Oaxaca (segunda parte)


Agua que une mares, lagunas y ríos con extensos litorales, y sus puertos, bahías, puntas, playas bellísimas, barras, cabos que estimularon desde antes que naciera la imaginación de la gente de esta tierra... las bahías, por ejemplo, se arrebatan lo mejor; Puerto Escondido, Puerto Ángel, Salina Cruz, Ventosa y Huatulco. Estuve en Huatulco en 1988, cuando se iniciaba lo que hoy es un importante foco turístico; fui invitado por la Secretaría de Turismo de México, y debo decir que sus aguas son de las más limpias que puedan verse, uno se baña entre peces exóticos y arenas doradas de sol. Otras que presumen con sus entradas al mar son Chacahua con su Punta Galera, o la Bahía de Punta Conejo. Otras más tienen su isla, como la de Tangola. Parajes inolvidables conforman muchos puntos oaxaqueños, tanto que de solo estar allí uno se anima naturalmente, quizás por eso desde siempre el hombre de la región alaba a sus dioses para que le conserven su mundo. He visto, “a la hora en que van muriendo nuestros ojos” ("biá ziyati lú miati" en lengua zapoteca), es decir, al anochecer, cuando está oscureciendo he visto a los oaxaqueños rogar a sus dioses e implorarles que protejan su tierra, tributando a dioses que viven aquí, que habitan en cada recoveco de esta geografía violenta, caótica, agresiva, que cuando Hernán Cortés le explicó al Rey de España, simplemente arrugó una hoja de papel y extendiéndola ante los ojos soberanos le dijo que, de ese modo podía comprenderla mejor.

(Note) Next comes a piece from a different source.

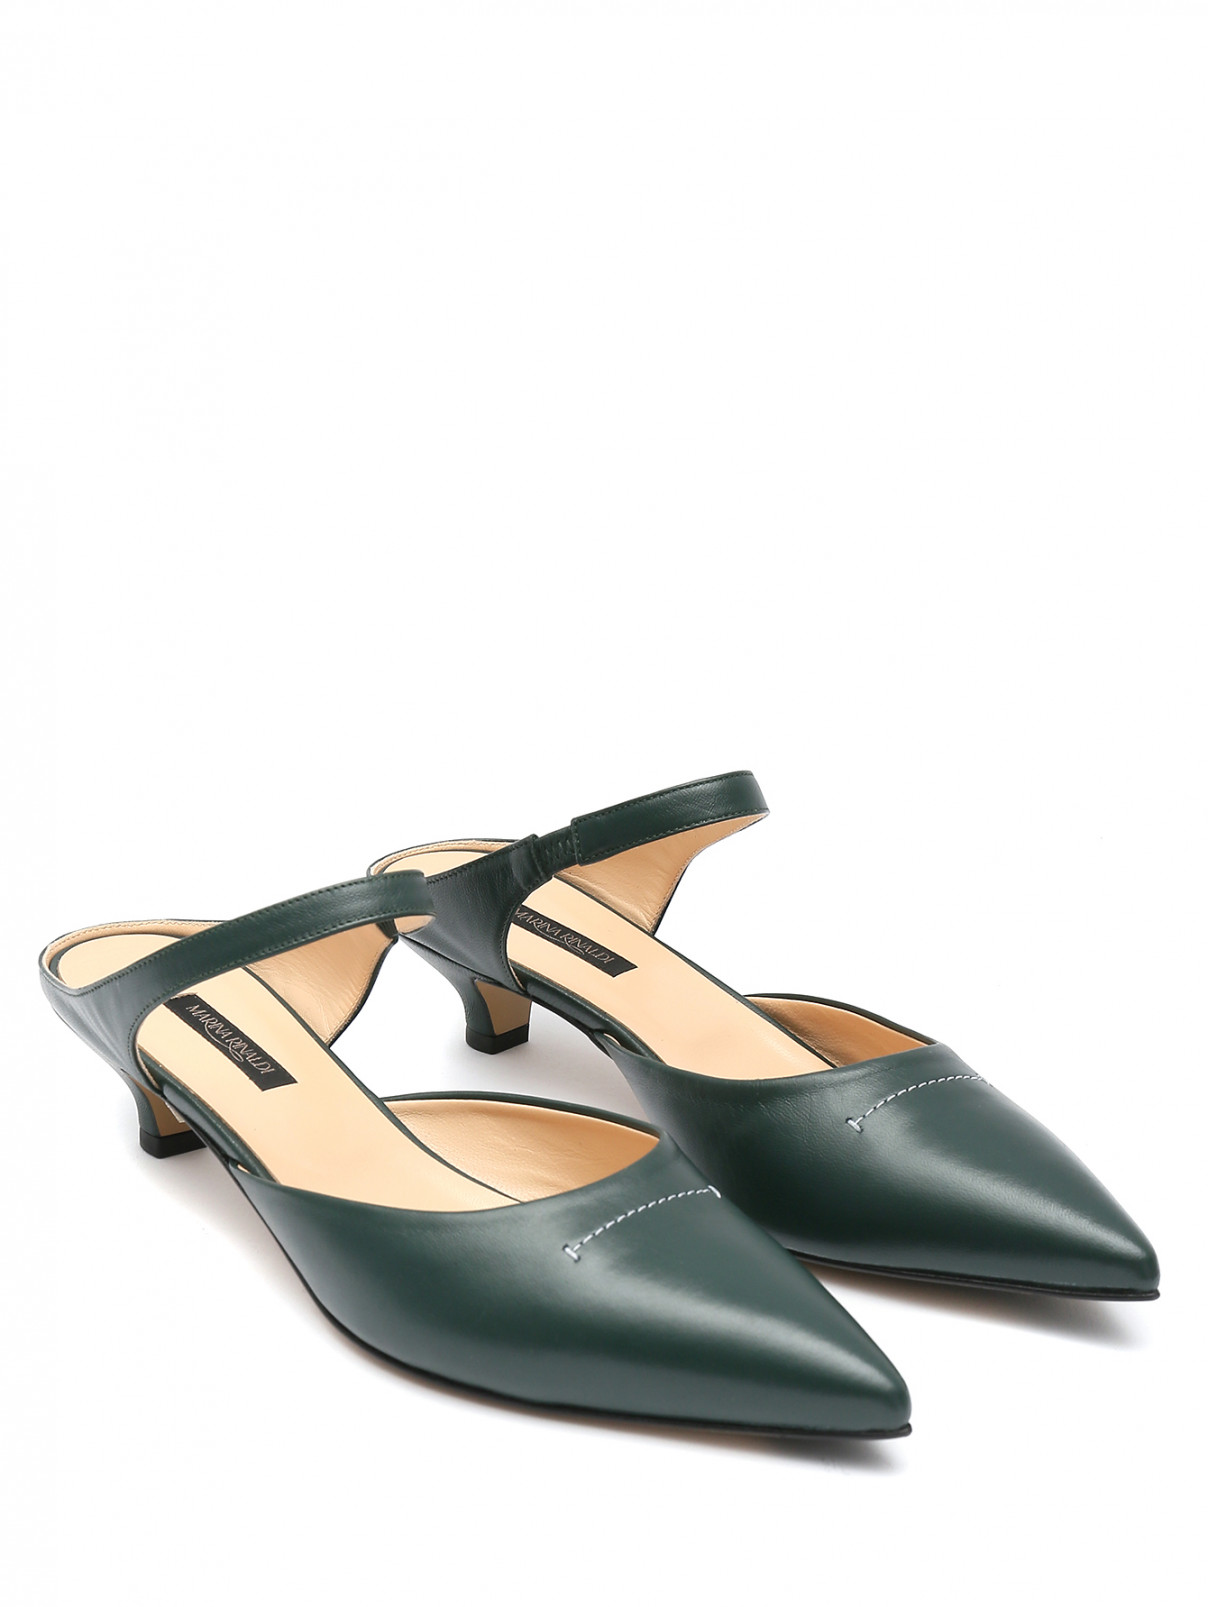 Туфли из кожи на низком каблуке Marina Rinaldi  –  Общий вид  – Цвет:  Зеленый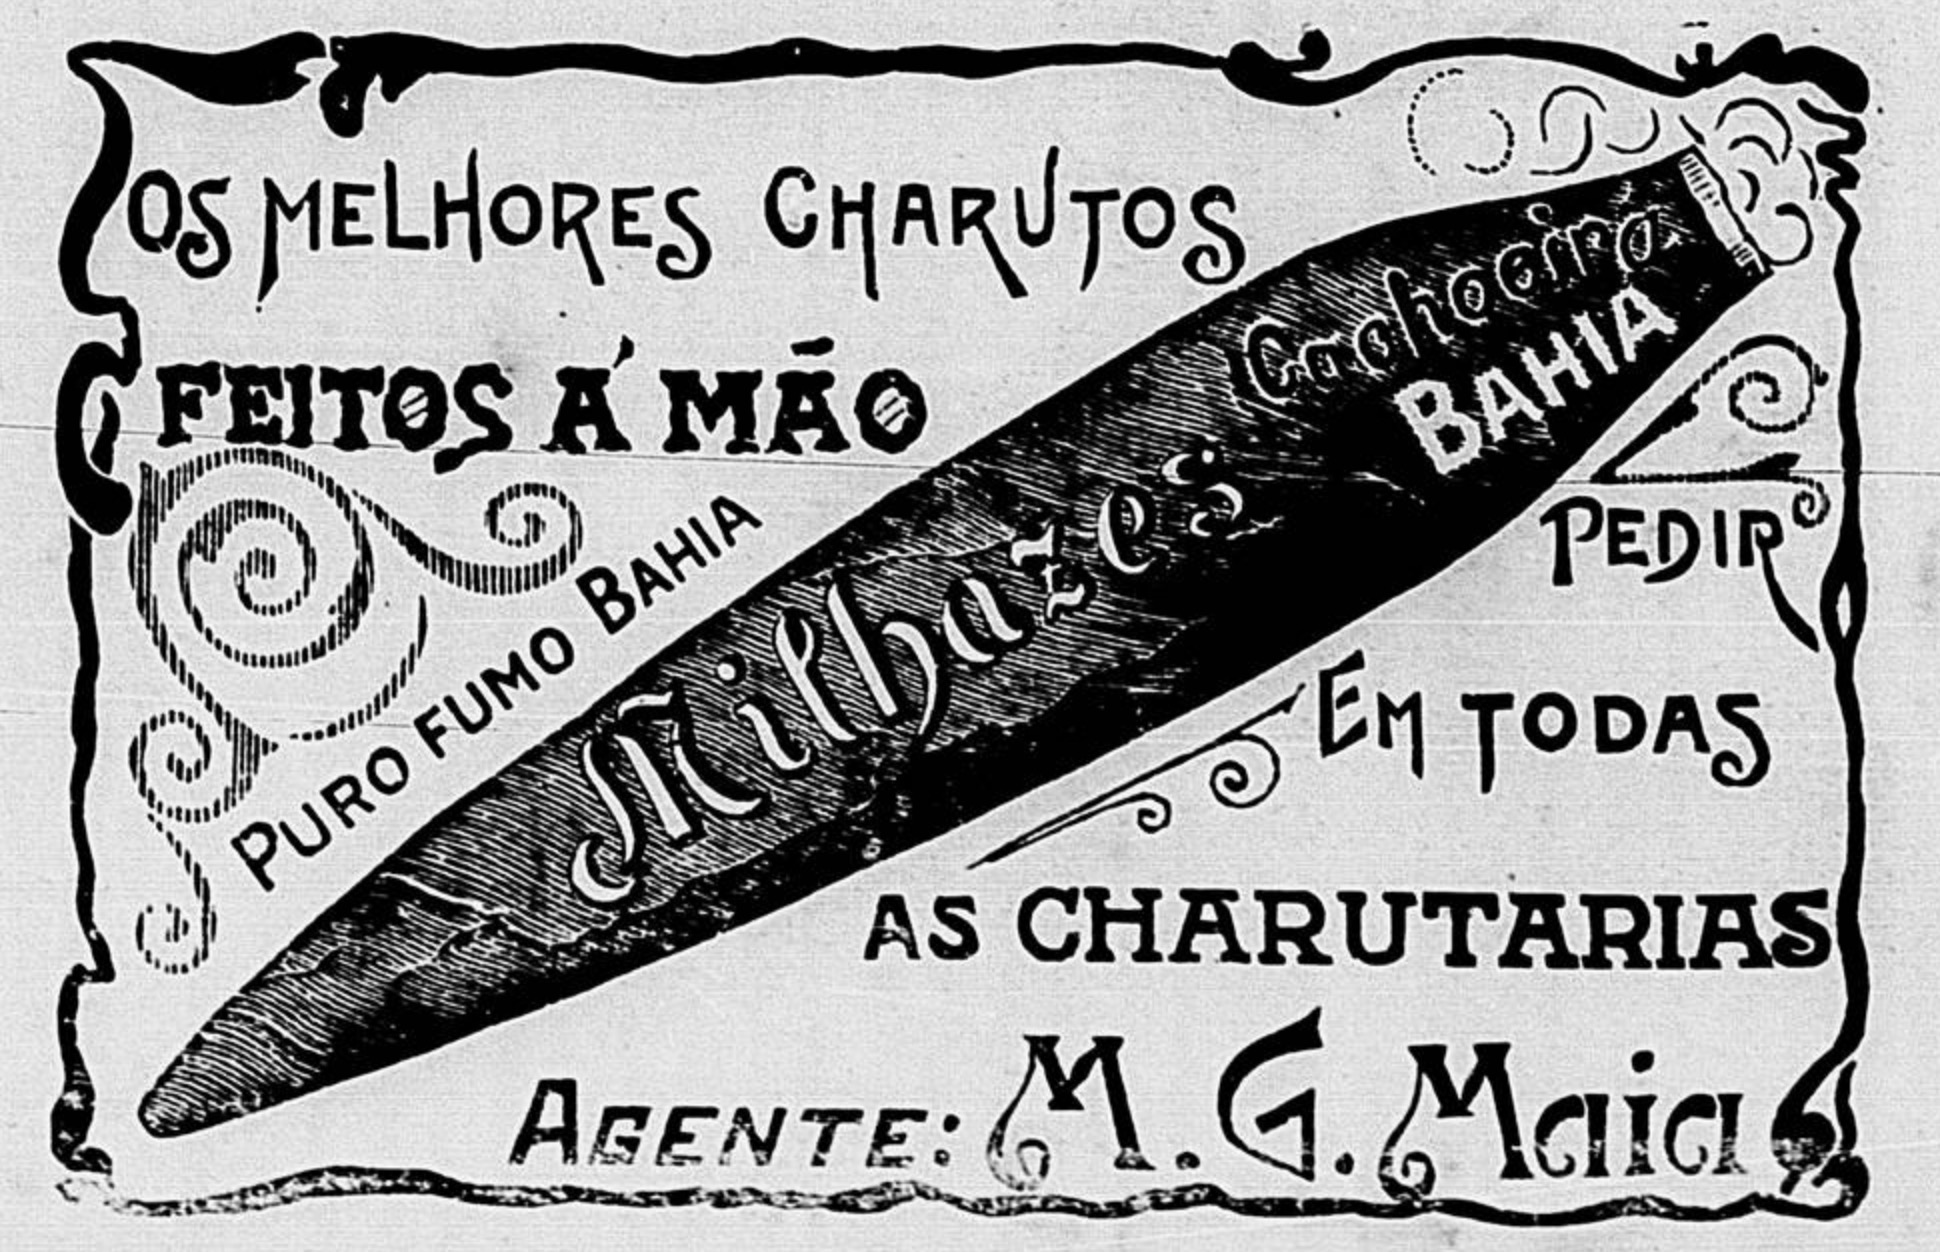 Anúncio veiculado em 1903 apresentando os charutos da marca Milhazes

Converso con el dorador de maderas, maestro Esteban de Robles, un vigoroso defensor de las tradiciones de su pueblo, un hombre sabio de Oaxaca, quien además de preservar un arte único, es un "letrado", el que guarda el conocimiento heredado de sus mayores; lo he conocido en el Barrio de los Artistas donde tiene su taller y enseña a hijos y nietos; de sus manos, como antes de las de sus padres y abuelos, salen esos dorados que desde hace siglos bañan ángeles tallados en finas maderas de la región; él también preserva la técnica del color de la cochinilla, que en sus tonos granates únicos guarda en su fabricación un secreto oculto a los profanos. Natural de San Miguel Sola ("ahora lo nombran Sola de Vega, sin causa posible"), un pueblo situado a ochenta kilómetros al Suroeste de la ciudad de Oaxaca, el maestro Esteban nos dice que "a pesar de los suntuosos templos católicos que comenzaron a levantar los españoles a su Dios y santos; a pesar de que nuestros templos yacían destruidos ocultos por el manto de la vegetación, hundidos en la tierra o utilizadas sus bases para construir los santuarios importados; a pesar de la violencia empleada el antiguo pensamiento siguió vivo en los corazones y en la mente de los oaxaqueños, quienes disimulando hasta donde era posible siguieron practicando sus rituales. El México físico antiguo desapareció, pero la metafísica hasta ahora sobrevivió".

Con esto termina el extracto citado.